Monday, 14 July 2025

Life goes on - without Stephanie

'Give it a year and a day'

'It'll be easier once you've got through all those firsts'

'Life goes on'

Our last visit with Stephanie. We had no idea.


Yes it is getting easier going through all those firsts.

But not because it gets easier, but because all those firsts hit you like a ton of bricks and the rawness of her death hits so bloody hard. But as the next first approaches, you start to prepare. Book the day off work, book something nice to do on the day.

Christmas - not being able to buy presents and write her card, get gifts for the staff, visit her, take her out. I did a non Christmas shopping trip for Stephanie to get things out my system. I already had a bit of a list going before she died in October. I picked things up, I checked the size, the ingredients on treats and toiletries, then I put it back down on the shelf. We bought gifts and a card for the staff and dropped it round as we always did, just this time Stephanie wasn't there. 

I miss wiping her spit of my hands and arms and coat, miss my hair being pulled and I wear it down now more oftenstruggle to find a disabled toilet that is clean enough to use.

9 months on when I use a public toilet I still check to see if the disabled one is clean. I can't help it. I did it all the time when I was out, so I knew where I could take her next time on a day out. The trend was if it was clean once, it'll be clean 90% of the time and staff would be receptive to freshening it up if I asked.


For Halloween, Valentines and Easter I'd put together a little parcel of gifts. Things to decorate her room and something to eat and wear.

I send these boxes to the grandchildren as well. Now I pop in a little treat for me and I send the decorations to my son and his girlfriend in Australia, instead.  I still get to buy all the things, I still get to send them.

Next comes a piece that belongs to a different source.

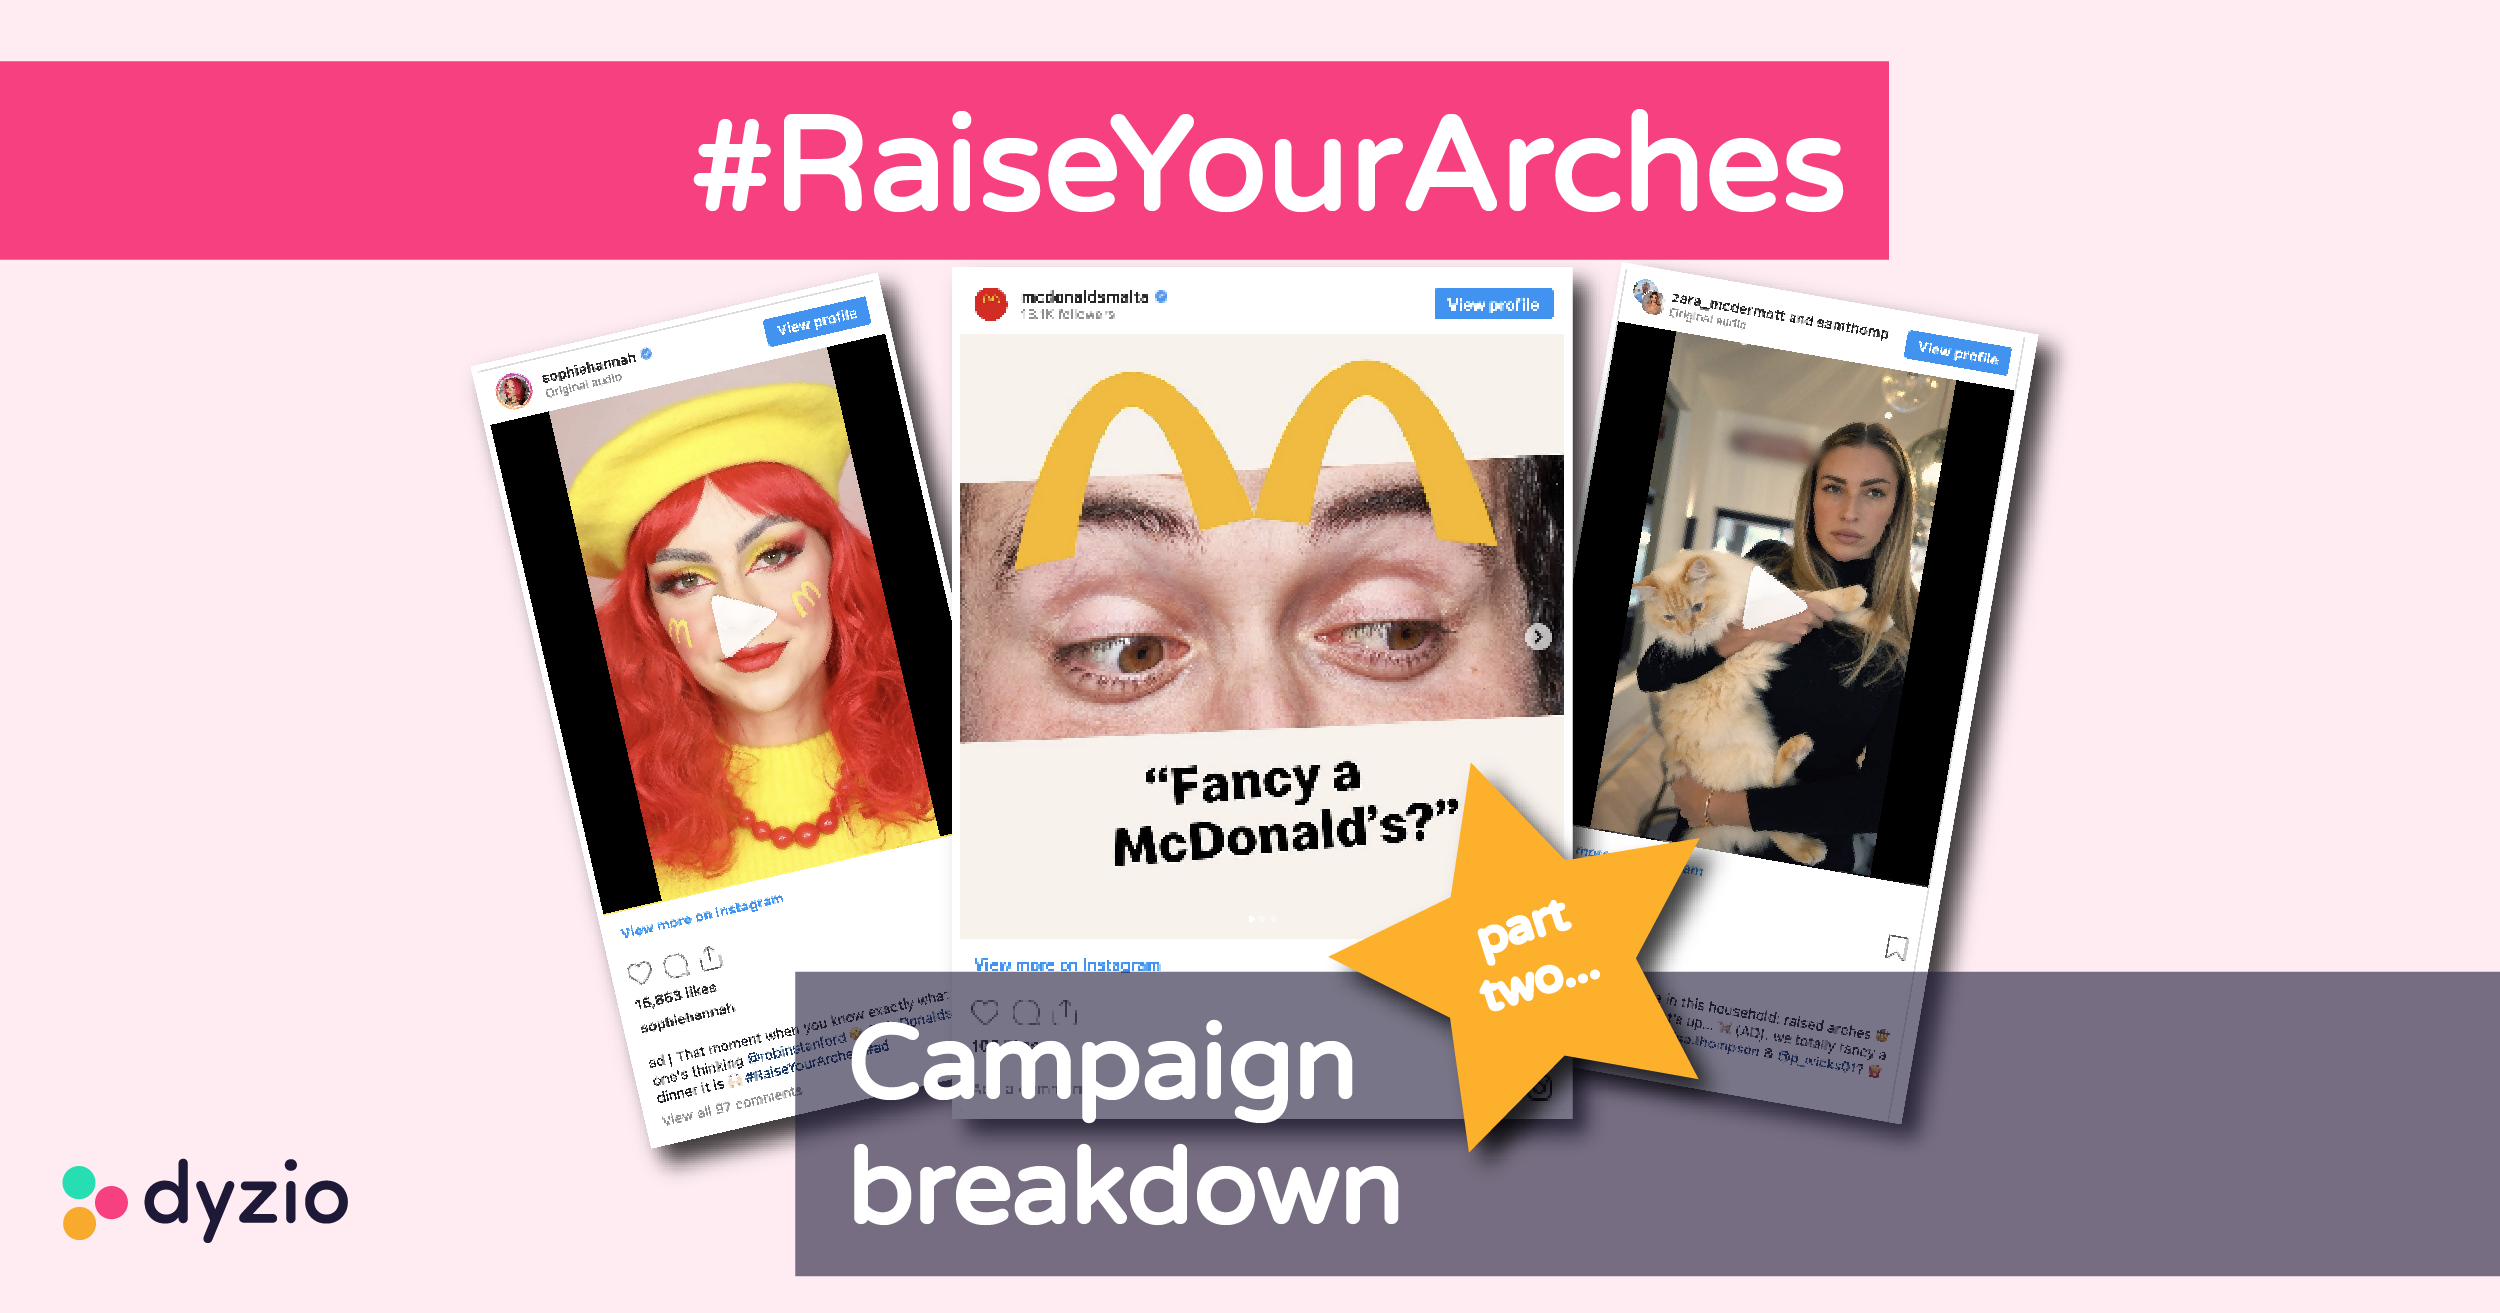 McDonalds Raise Your Arches campaign photo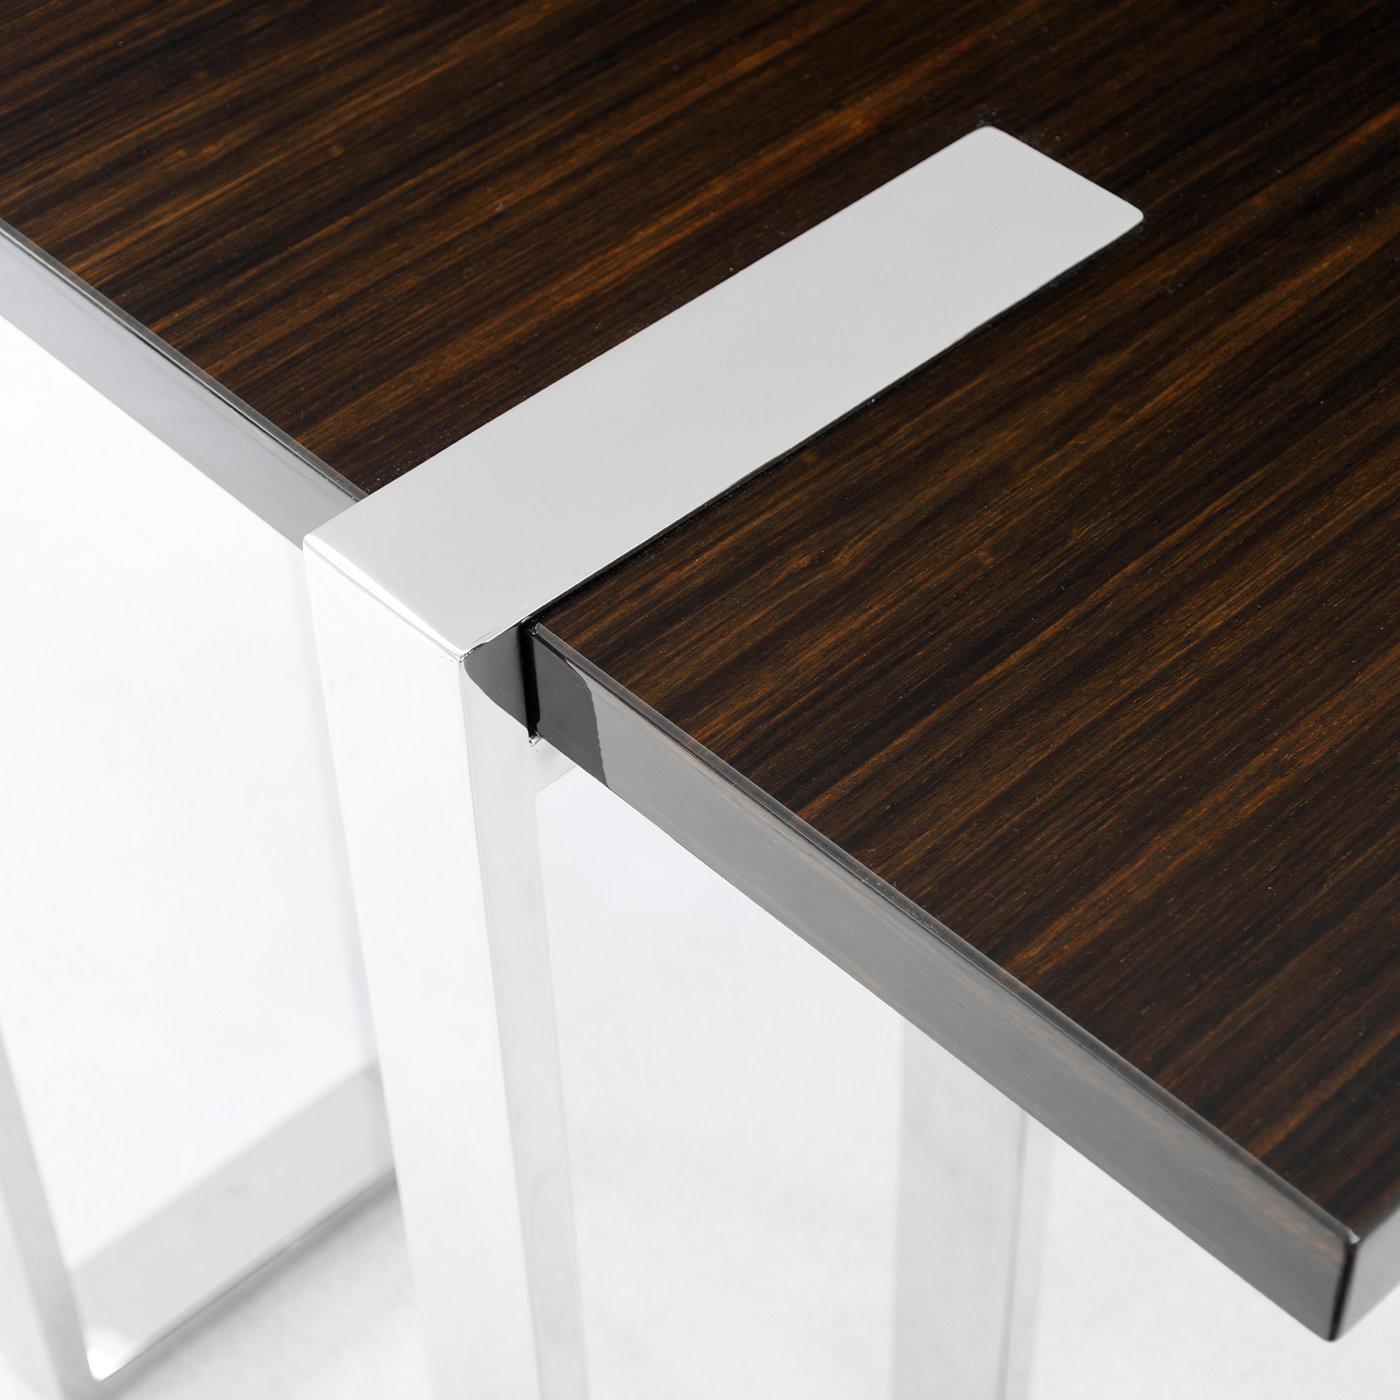 Mit seiner ästhetischen Leichtigkeit und seinem attraktiven, minimalistischen Design sorgt dieser Schreibtisch für einen schicken Arbeitsplatz zu Hause und im Büro. Die schlanken Beine bieten nicht nur Halt, sondern auch eine ansprechende Optik und

Stephanie's birthday - I couldn't face work and called in sick. We went to Clifton in Bristol. Her boarding school where she lived from the age of 12-18. We had her home almost every weekend, driving down after work on a Friday with her 4 brothers in tow and back up the motorway home. A 3 hour trip. Drop offs on the Sunday would usually be just the one of us. Or we'd go down as a family on a Saturday and visit her grandmother and cousins.


Mother's Day and Father's Day - These were hard. We still have mother's to buy for, we still have children who will send cards and buy for us. Mother's Day snook up on me because of this. Remembering you're still a mum, but there is one child missing.

On Father's Day we went to Gloucester, for a coffee and some shopping where we used to take her. It doesn't make us feel closer to her, it's just part of our routine that stopped when she died.

My birthday last month, in June. I had some gorgeous flowers from family and friends. The last time we had this many flowers was when Stephanie died. It was nice to have bright, colourful flowers to change the image in my head from before.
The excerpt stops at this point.